There are two types of RAID
Some operating systems has good software raid solution (this has nothing to do with the crappy cards mentioned above). Linux software raid is especially good, its performance is really good.
Raid can only improve reliability it is not a backup solution. Files can be deleted accidentally, faulty disk can return (and duplicate) bad data to other disks in a raid array, so a real backup solution still needed.
It seems that a lot of the above posts are forgetting the original question and are just debating about RAID 1. The question was "When is RAID worth the trouble?" Well, it depends... If your developers do a lot of data read & writes with their workstations than a RAID 0 configuration would be worth it. Adding more drives to this RAID 0 is of course going to boost speed and performance BUT will increase the likelihood of a failure (disk or controller).

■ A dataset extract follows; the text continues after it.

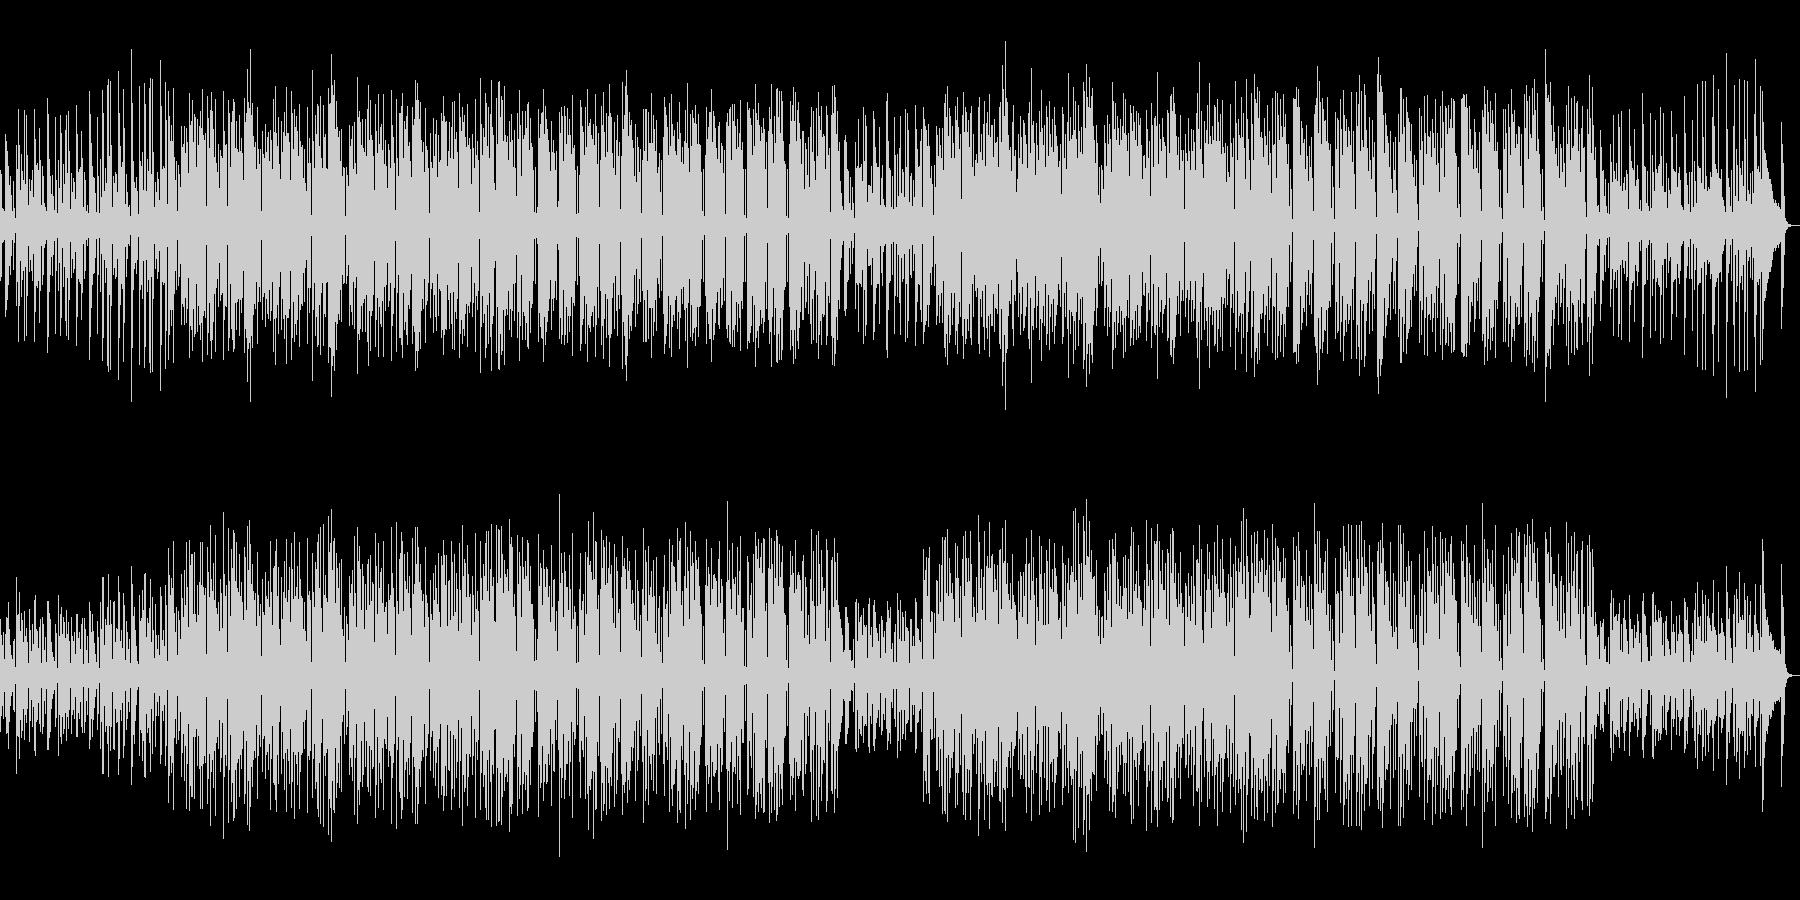 ほのぼのしたボサノヴァティストの曲の未再生の波形

I work for a Nursing School with about 500 Dell machines deployed and almost none of them utilize any sort of RAID. It seems to me that my type of users won't see enough of a benefit to add the complexity of a RAID system on each machine. I worry more about data recovery and disk imaging than the speed of RAID 0 or the redundancy of RAID 1. Of course, I'm not talking about our production servers, that's another story. Data recovery being crucial, we rely on other backup methods to account for more than just disk redundancy. Any sort of RAID wont help you if a user accidentally deletes a file.
So to answer your question IMHO... RAID 0 on a workstation is worth it when the user needs the performance. (Just make sure that all importa data is backed up.) I'm sure you can check into the data throughput on the existing setup to see if it's adequate. RAID 1 should be used in the server environment where higher class RAID controllers are available. It's not worth the hassel on a workstation because it complicates deployment, disk imaging, and repairs. Many of these workstations come with RAID controllers built on the motherboard.It's a good feeling to know if a motherboard goes out on a machine I can always put the drive in another system to get the data.

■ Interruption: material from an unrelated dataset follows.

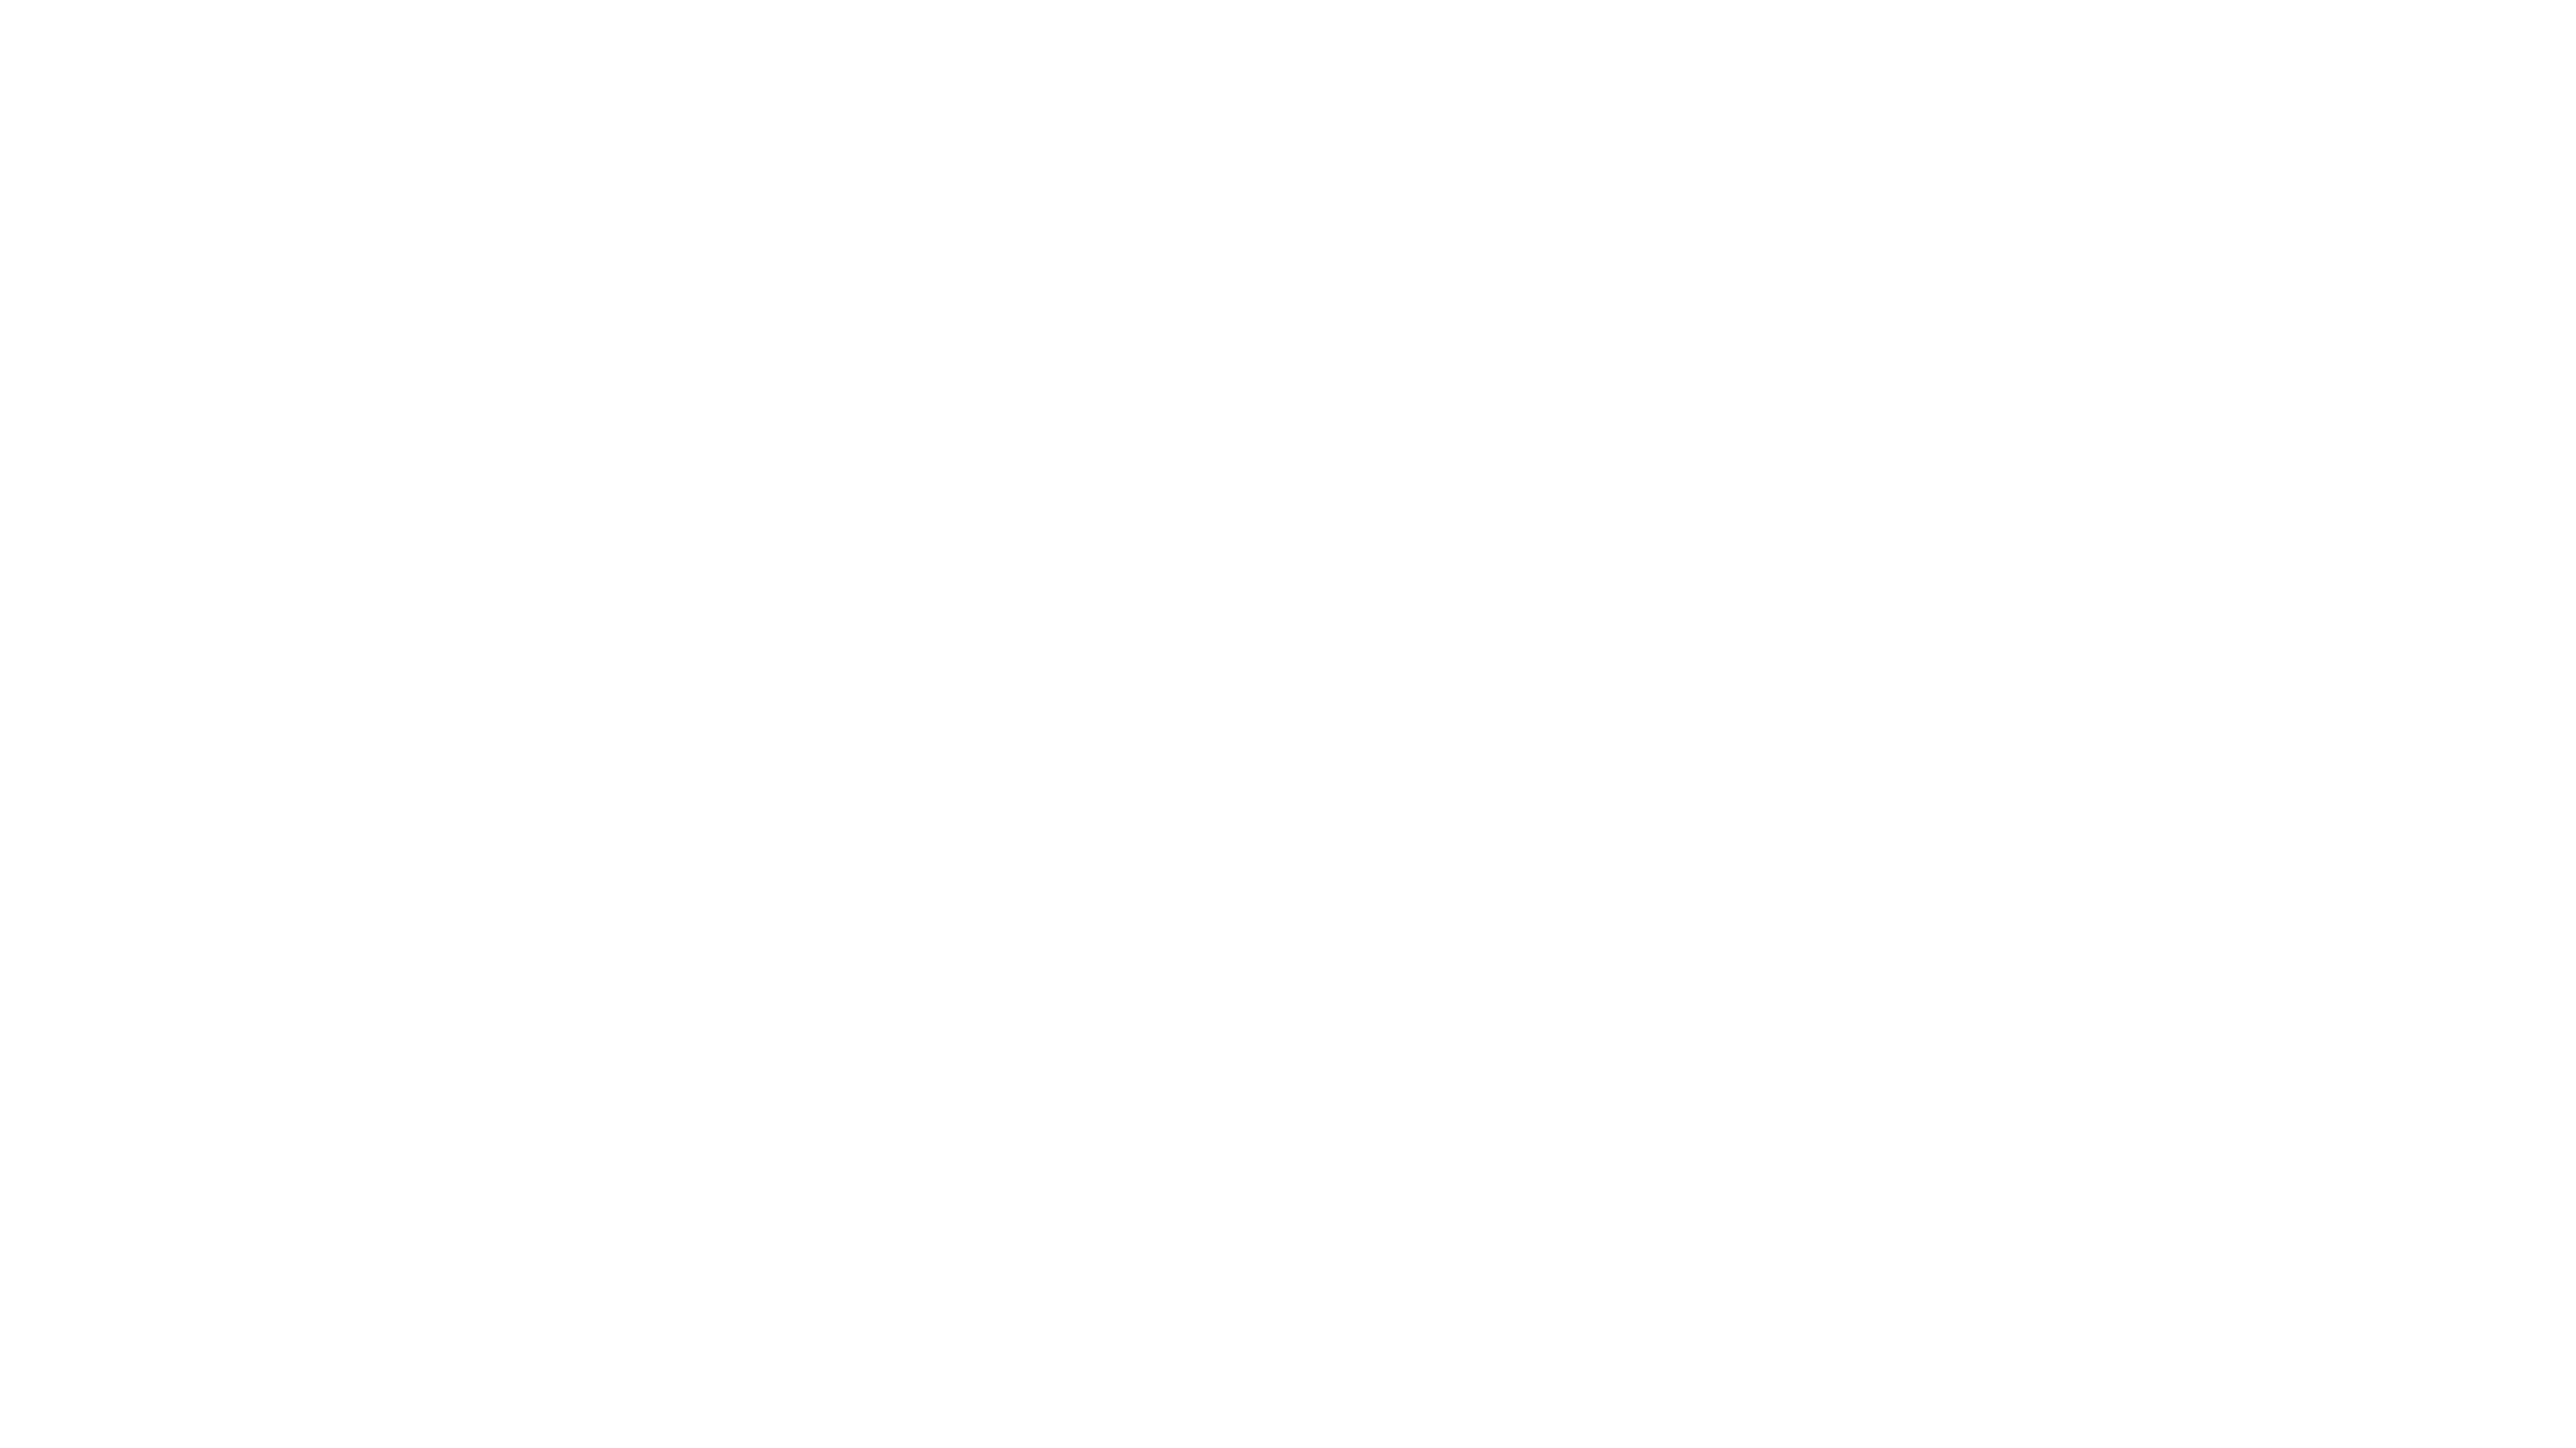 VISPR Voice Technology

Linux software RAID is excellent, and it actually beats low-end hardware RAID hands down. It also has a few optimizations that can be useful for a workstation. For example, it can read different things on each disk at the same time, effectively doubling random access read times, which is a common use case unlike transfer rate-bound operations optimized by RAID 0.

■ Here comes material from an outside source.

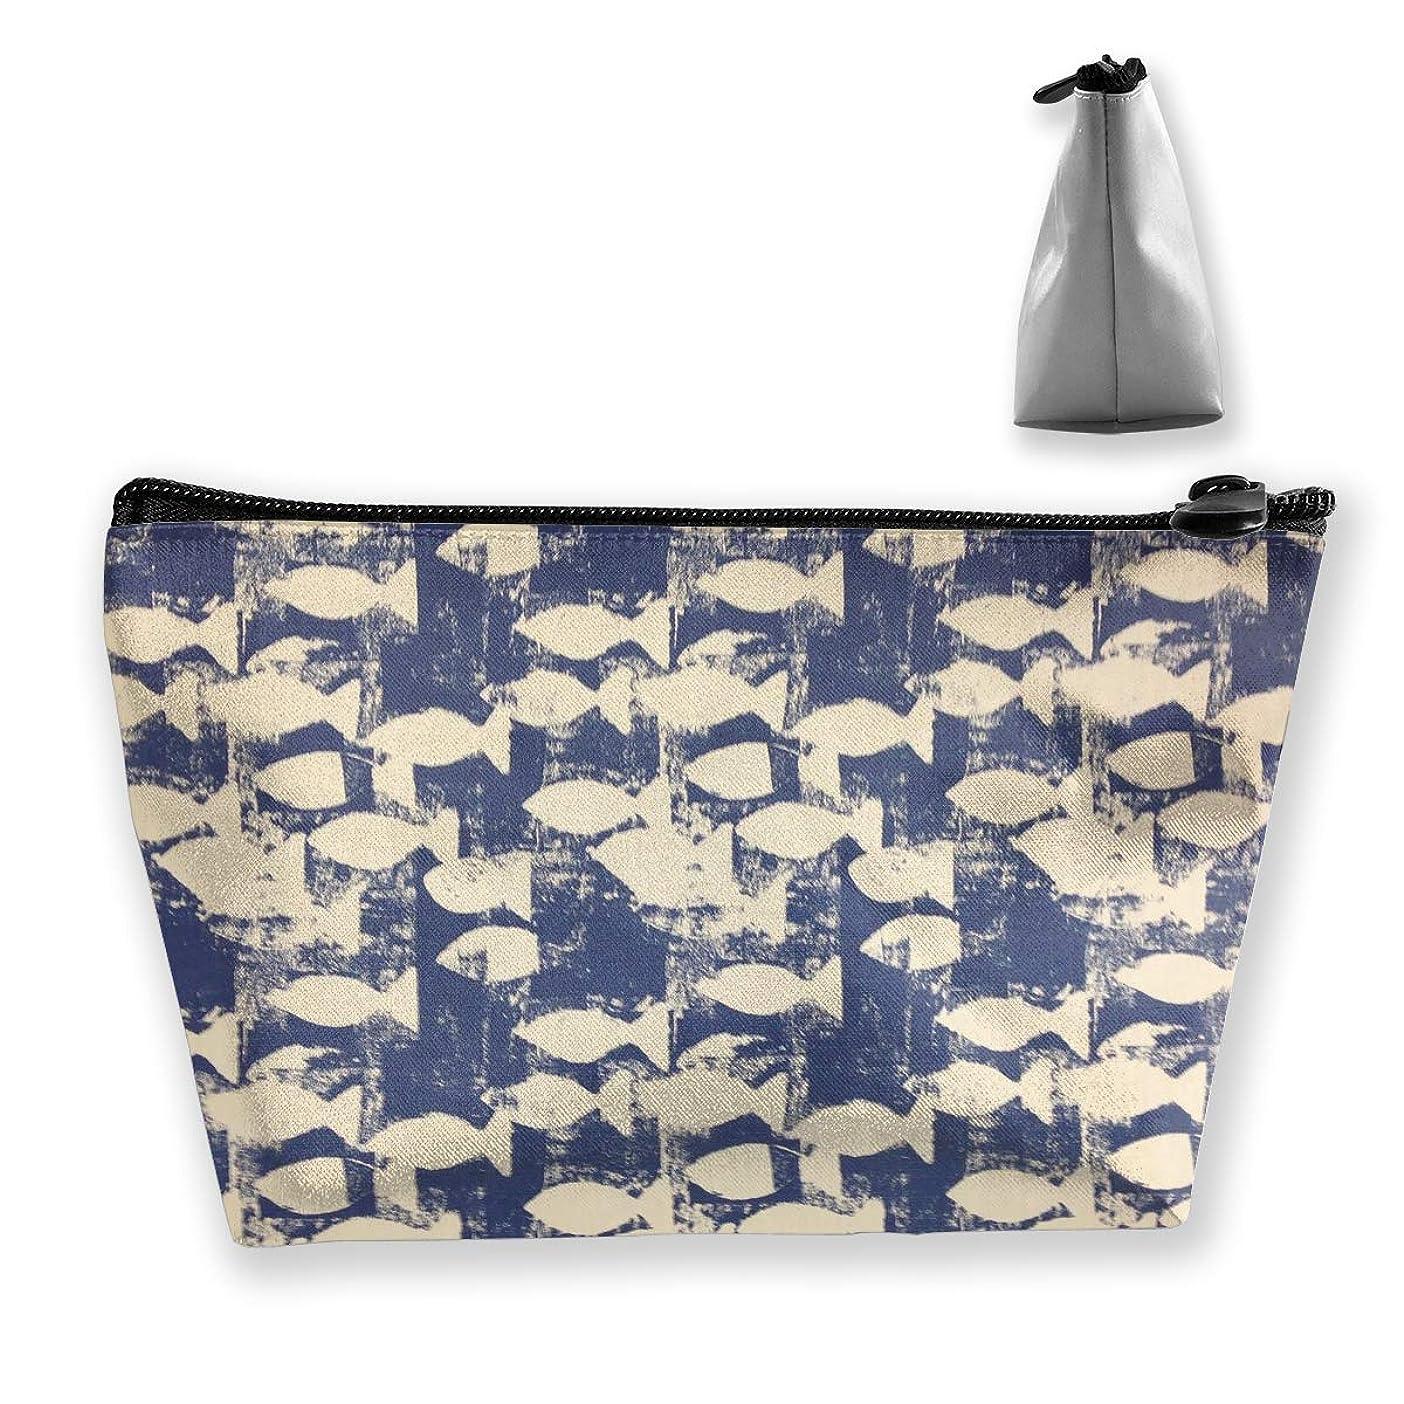 傘アウター明日台形 レディース 化粧ポーチ トラベルポーチ 旅行 ハンドバッグ 魚パターン コスメ メイクポーチ コイン 鍵 小物入れ 化粧品 収納ケース

As for reliability, it's a very well maintained part of the Linux kernel, used by millions, it handles hardware failures very well, so it's clearly a win as far as availability is concerned. I have used it on my personal workstations as well as a few dozen low-end servers for years, some pretty loaded, and never could attribute it any fault. I've experienced a good dozen broken disks in the meantime, however.
(Higher end hardware RAID cards have other features though, such as battery-backed write cache. It basically multiplies random synchronized disk write speed by ten. It is absolutely necessary for databases, probably pretty useless for workstations.)